Just came back from a cybersecurity conference yesterday, and here’s what crossed my mind: The longer I work in #cybersecurity, the more I realize: Most attacks don’t start with the company’s firewall. They start with a person. An email. A click. 𝟵𝟭% 𝗼𝗳 𝗯𝗿𝗲𝗮𝗰𝗵𝗲𝘀 𝗯𝗲𝗴𝗶𝗻 𝘄𝗶𝘁𝗵 𝗮 𝗽𝗵𝗶𝘀𝗵𝗶𝗻𝗴 𝗲𝗺𝗮𝗶𝗹. One click is all it takes. Even with filters and awareness training in place, people still click. I’ve seen folks at highly technical companies fall for phishing emails with fake Amazon logos. Why? Because it was Friday, 6:03 PM. They were tired, distracted, and ready to go home. We had a case just two weeks ago in which a company managing $2,000,000,000 didn't have adequate email security. The VP clicked on the malicious link, and the attackers were able to take over his email account. Our team was able to identify it and block this attack, but what if we were not? That’s the second gap.  Even if nobody clicks, your credentials might already be out there for sale. There are 𝟮𝟰 𝗯𝗶𝗹𝗹𝗶𝗼𝗻+ 𝗹𝗼𝗴𝗶𝗻𝘀 𝗮𝗻𝗱 𝗽𝗮𝘀𝘀𝘄𝗼𝗿𝗱𝘀 floating around the dark web. They get traded, sold, and reused. Most companies—especially #SMBs — have no idea they’ve been exposed until it’s too late. 𝟴𝟯% 𝗼𝗳 𝗯𝗿𝗲𝗮𝗰𝗵𝗲𝘀 involve stolen or weak credentials. 𝟮𝟬𝟰 𝗱𝗮𝘆𝘀 is the average time to detect a breach. That’s nearly 7 months of silence while attackers have a foothold.

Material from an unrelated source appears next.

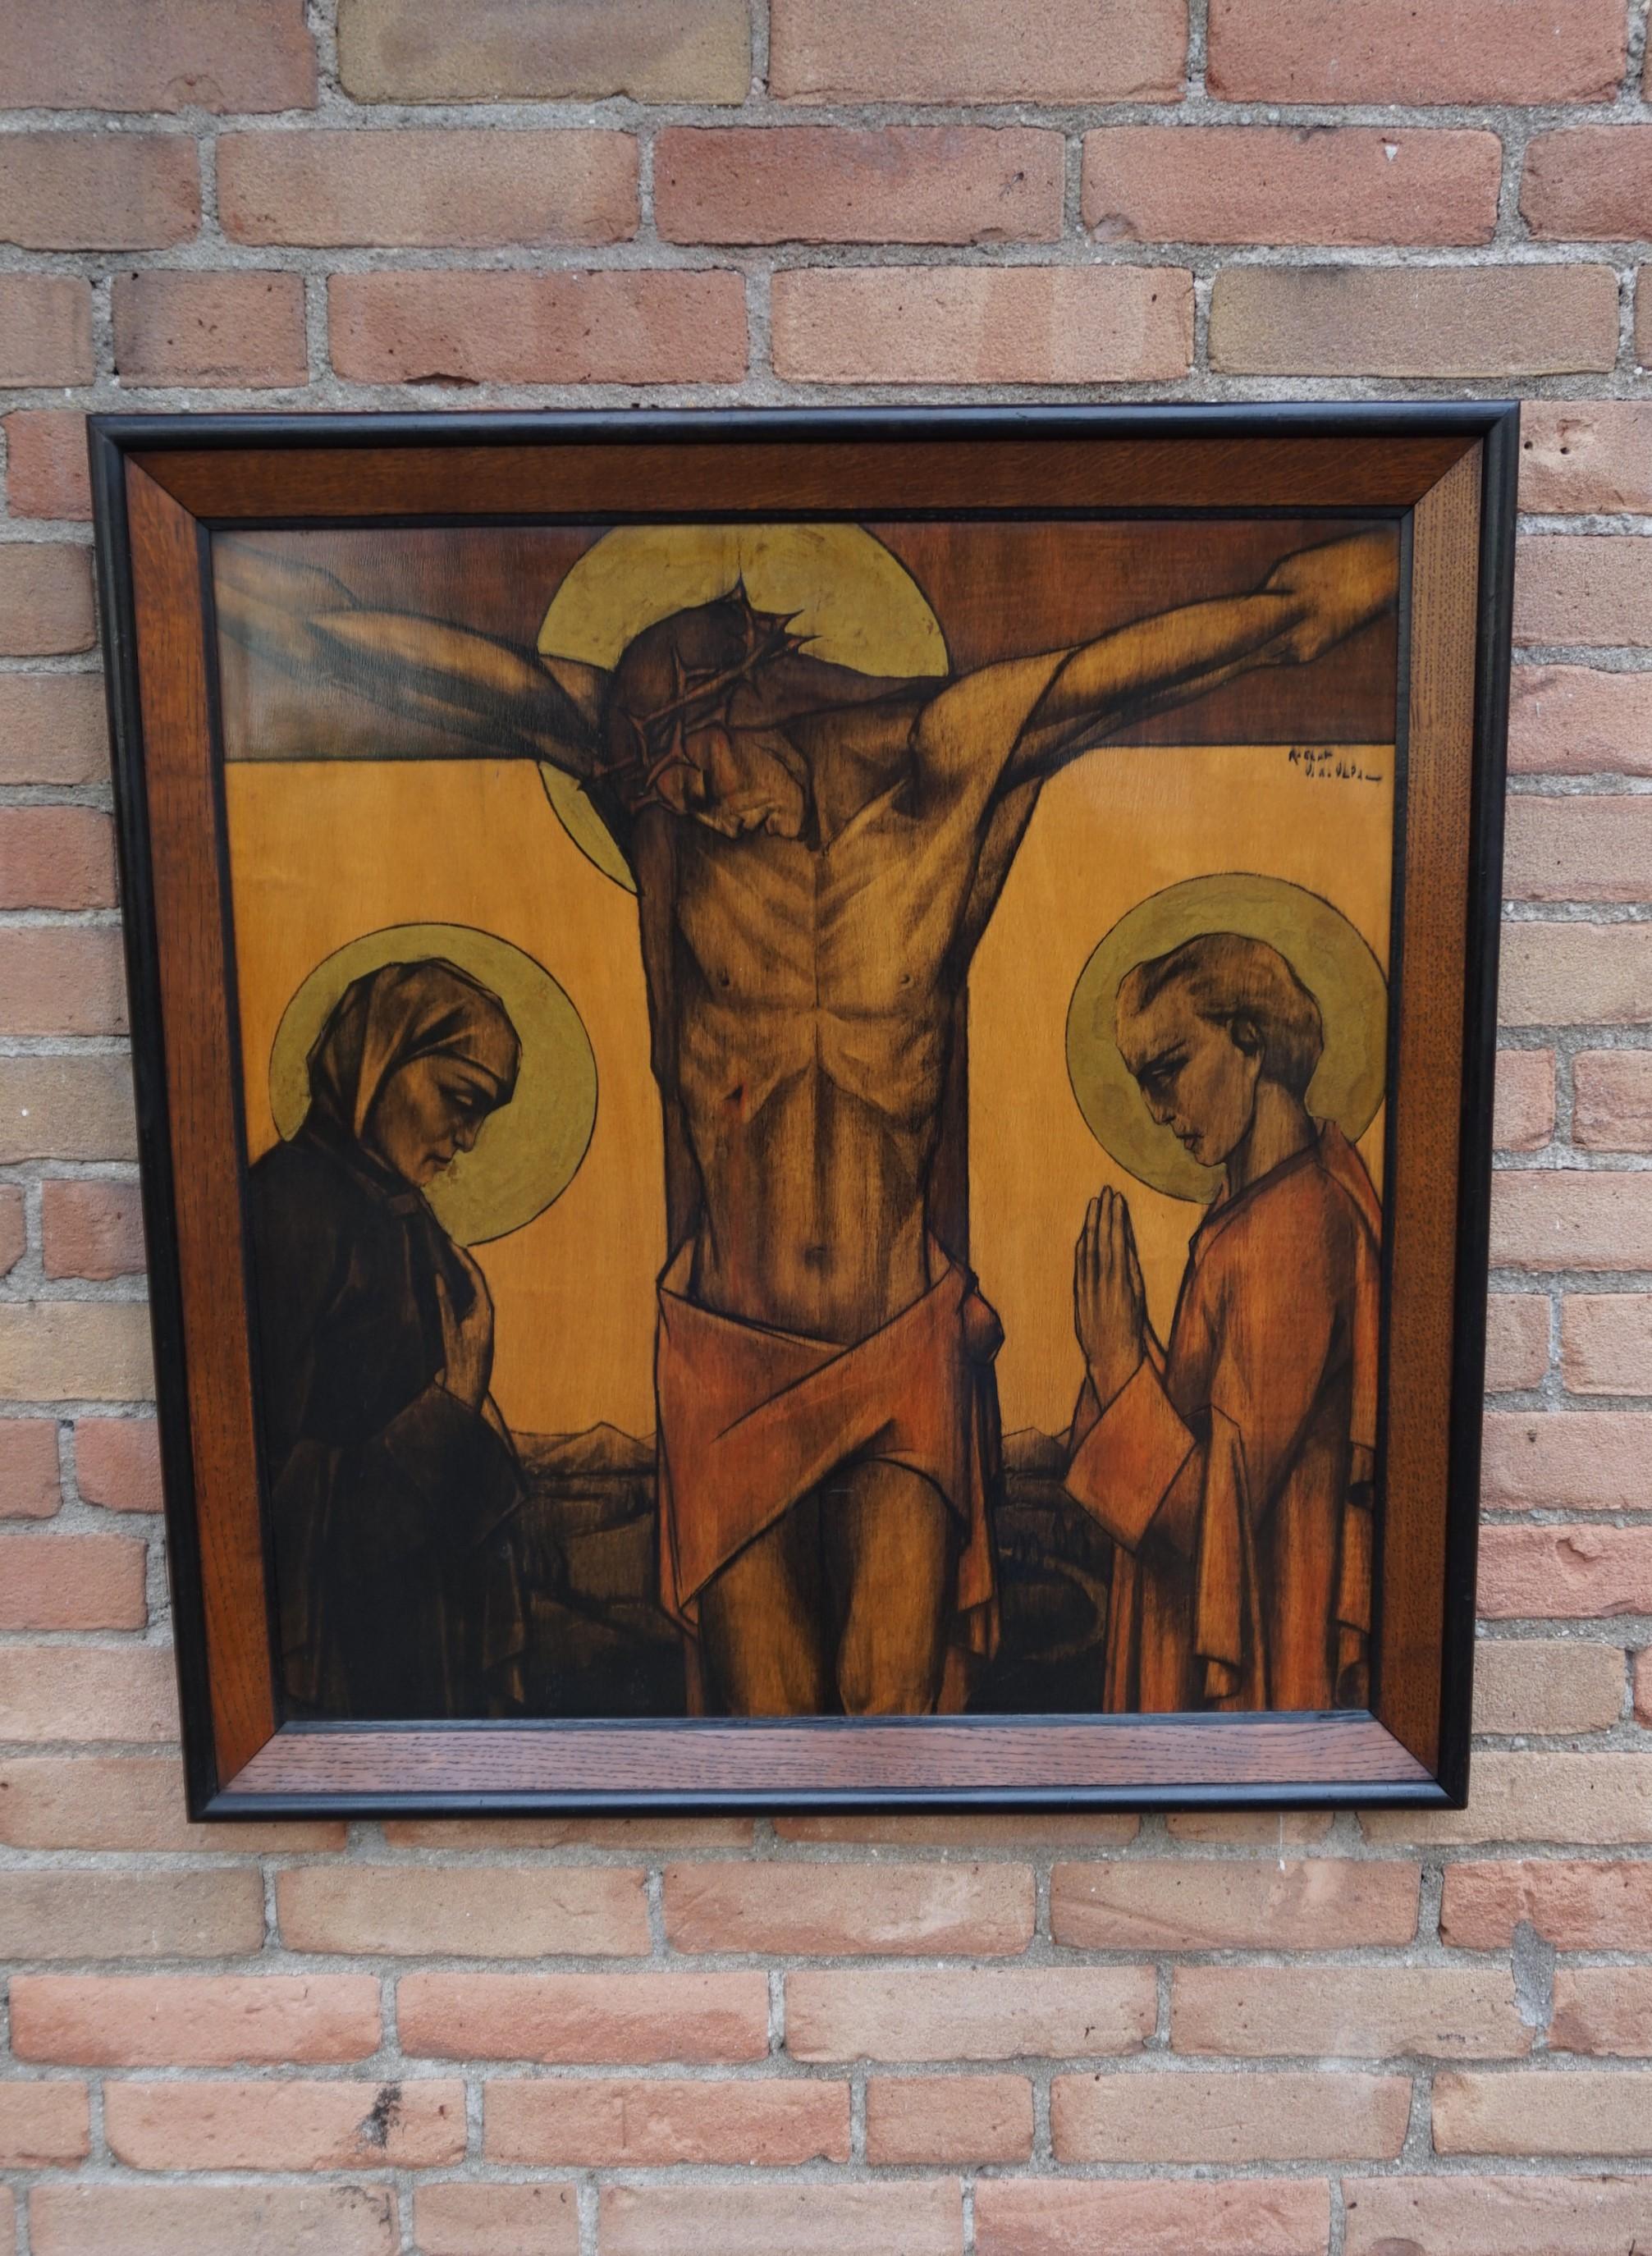 Unique and beautifully stylized, Art Deco work of religious art.

Over the centuries this famous religious scene has inspired many great artists to create their own interpretation. For us to have been able to acquire this unique and top quality Art

Here are the basics any cybersecurity team should do:   • Run phishing simulations that aren’t just checkbox exercises  • Deploy advanced email protection (not “we’re covered by Microsoft”)  • Monitor for unusual logins and outbound email activity.  • Enforce mandatory password resets after exposures.  • Use #MFA across all systems.  • Constantly monitor the #darkweb If you’re not doing this yet, start simple: → 2-week 𝗳𝗿𝗲𝗲 𝗘𝗺𝗮𝗶𝗹 𝗦𝗲𝗰𝘂𝗿𝗶𝘁𝘆 𝗣𝗢𝗖 from Cyberwall – see what’s actually slipping past your filters → 𝗙𝗿𝗲𝗲 𝗗𝗮𝗿𝗸 𝗪𝗲𝗯 𝗠𝗼𝗻𝗶𝘁𝗼𝗿𝗶𝗻𝗴 𝗰𝗵𝗲𝗰𝗸 – see if your data is already exposed and in use Bonus: Add a 𝗳𝘂𝗹𝗹 𝗡𝗜𝗦𝗧 𝗖𝘆𝗯𝗲𝗿 𝗥𝗶𝘀𝗸 𝗔𝘀𝘀𝗲𝘀𝘀𝗺𝗲𝗻𝘁 𝗳𝗼𝗿 $𝟱𝟬𝟬 — a clear, no-fluff snapshot of your cybersecurity posture based on the most common standard. Message me, and I’ll show you how to get it up and running fast without the headache.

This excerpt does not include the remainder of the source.